Laura sighed, but to no purpose; and the day wore on with intense heaviness to her, and the customary modicum of strength gained to him.

The next morning she put the same question, and looked up despairingly in his face, as though her whole life hung upon his reply.

‘Yes, I have considered,’ he said.

‘Ah!’

‘We must part.’

‘O James!’

‘I cannot forgive you; no man would. Enough is settled upon you to keep you in comfort, whatever your father may do. I shall sell out, and disappear from this hemisphere.’

‘You have absolutely decided?’ she asked miserably. ‘I have nobody now to c-c-care for–‘

‘I have absolutely decided,’ he shortly returned. ‘We had better part here. You will go back to your father. There is no reason why I should accompany you, since my presence would only stand in the way of the forgiveness he will probably grant you if you appear before him alone. We will say farewell to each other in three days from this time. I have calculated on being ready to go on that day.’

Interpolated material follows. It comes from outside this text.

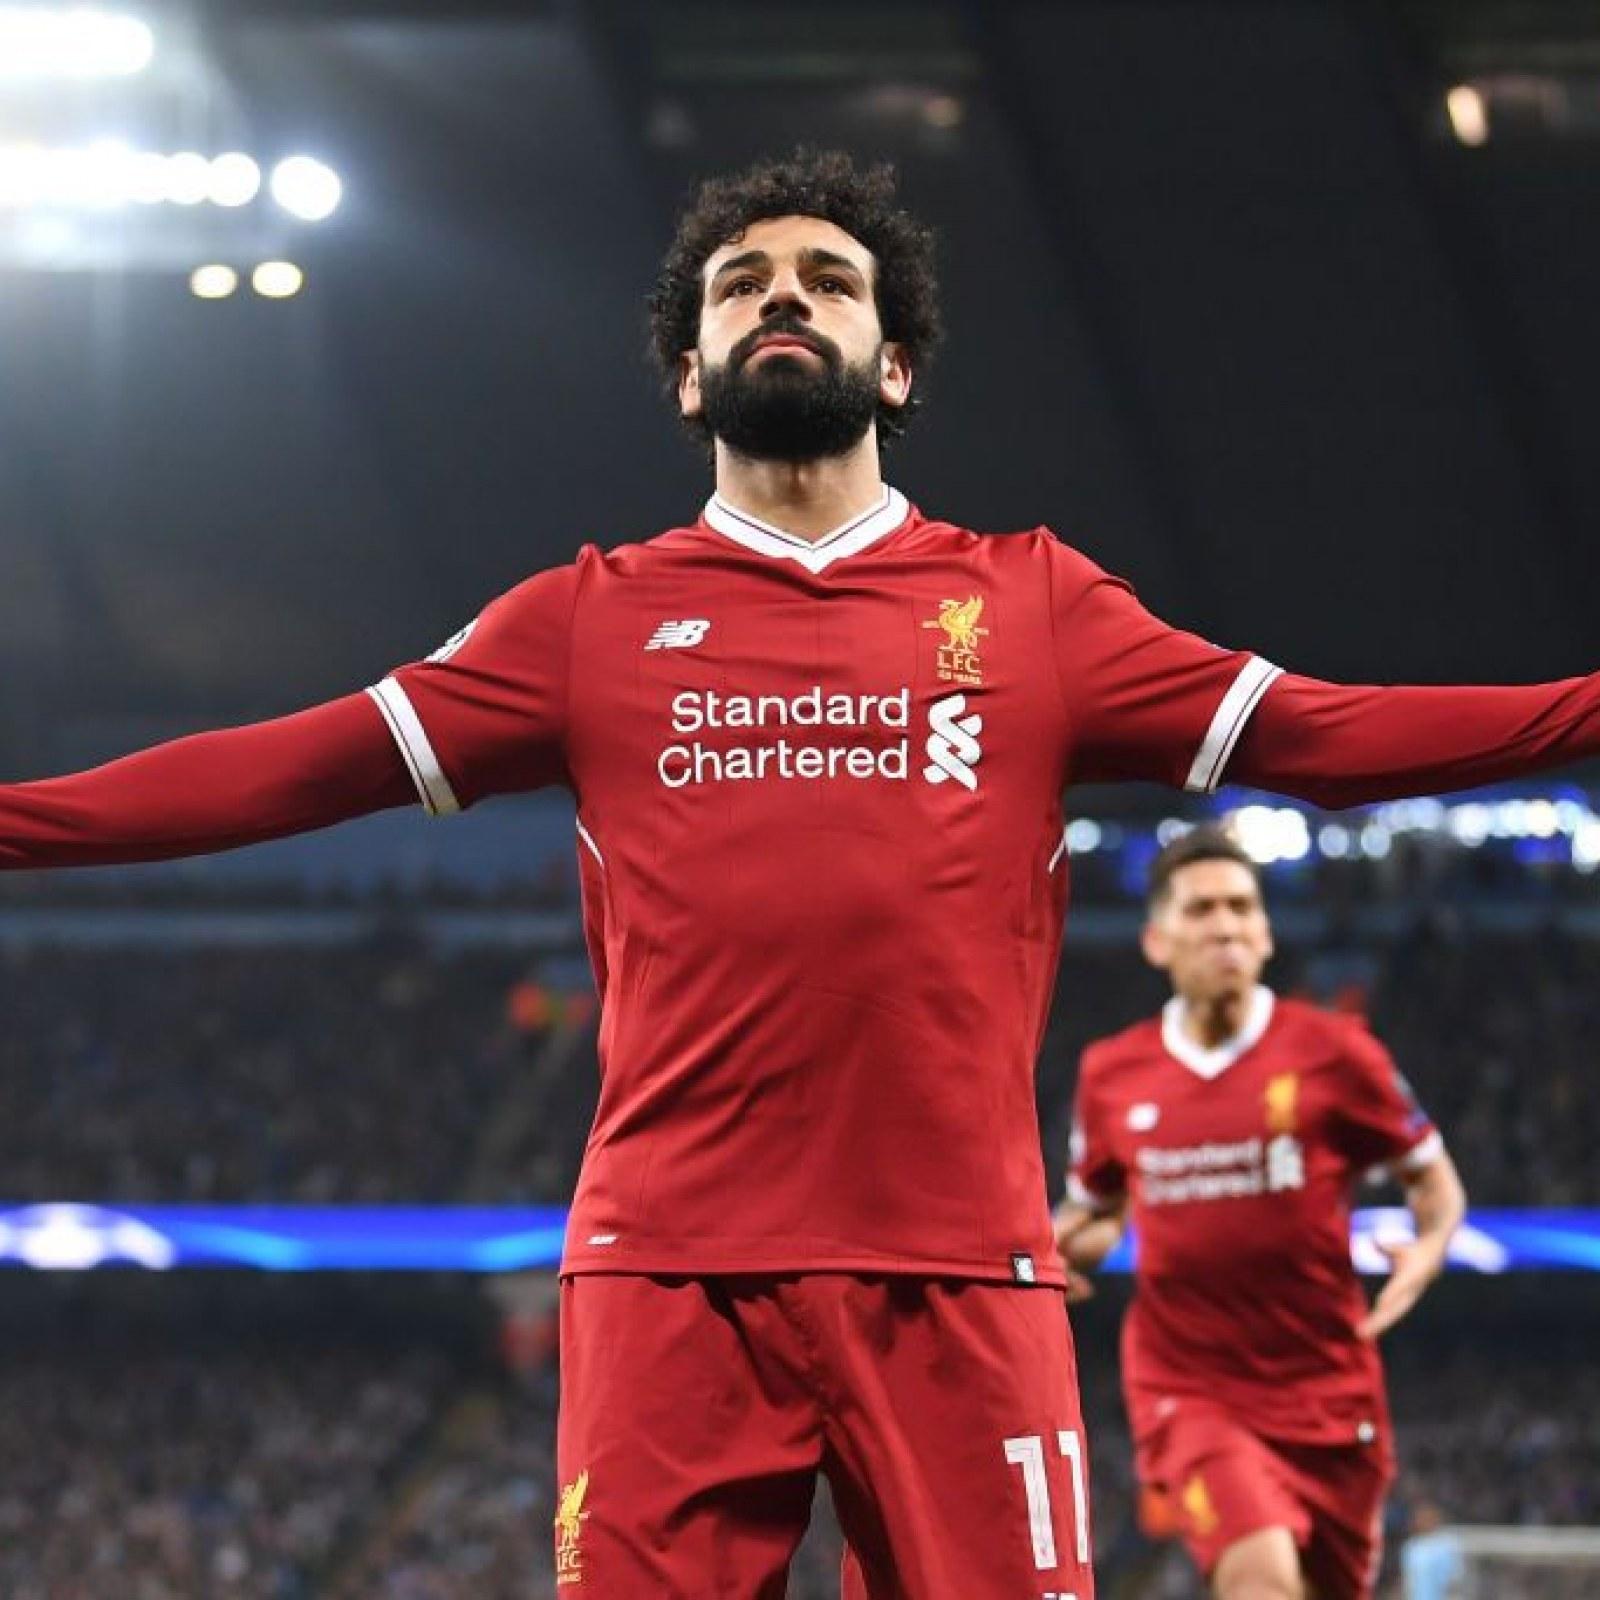 b5e1e9553cd Transfer News: Liverpool Respond to Mohamed Salah Rumors, Real Madrid  Star's Future in Doubt

Bowed down with trouble, she withdrew to her room, and the three days were passed by her husband in writing letters and attending to other business-matters, saying hardly a word to her the while. The morning of departure came; but before the horses had been put in to take the severed twain in different directions, out of sight of each other, possibly for ever, the postman arrived with the morning letters.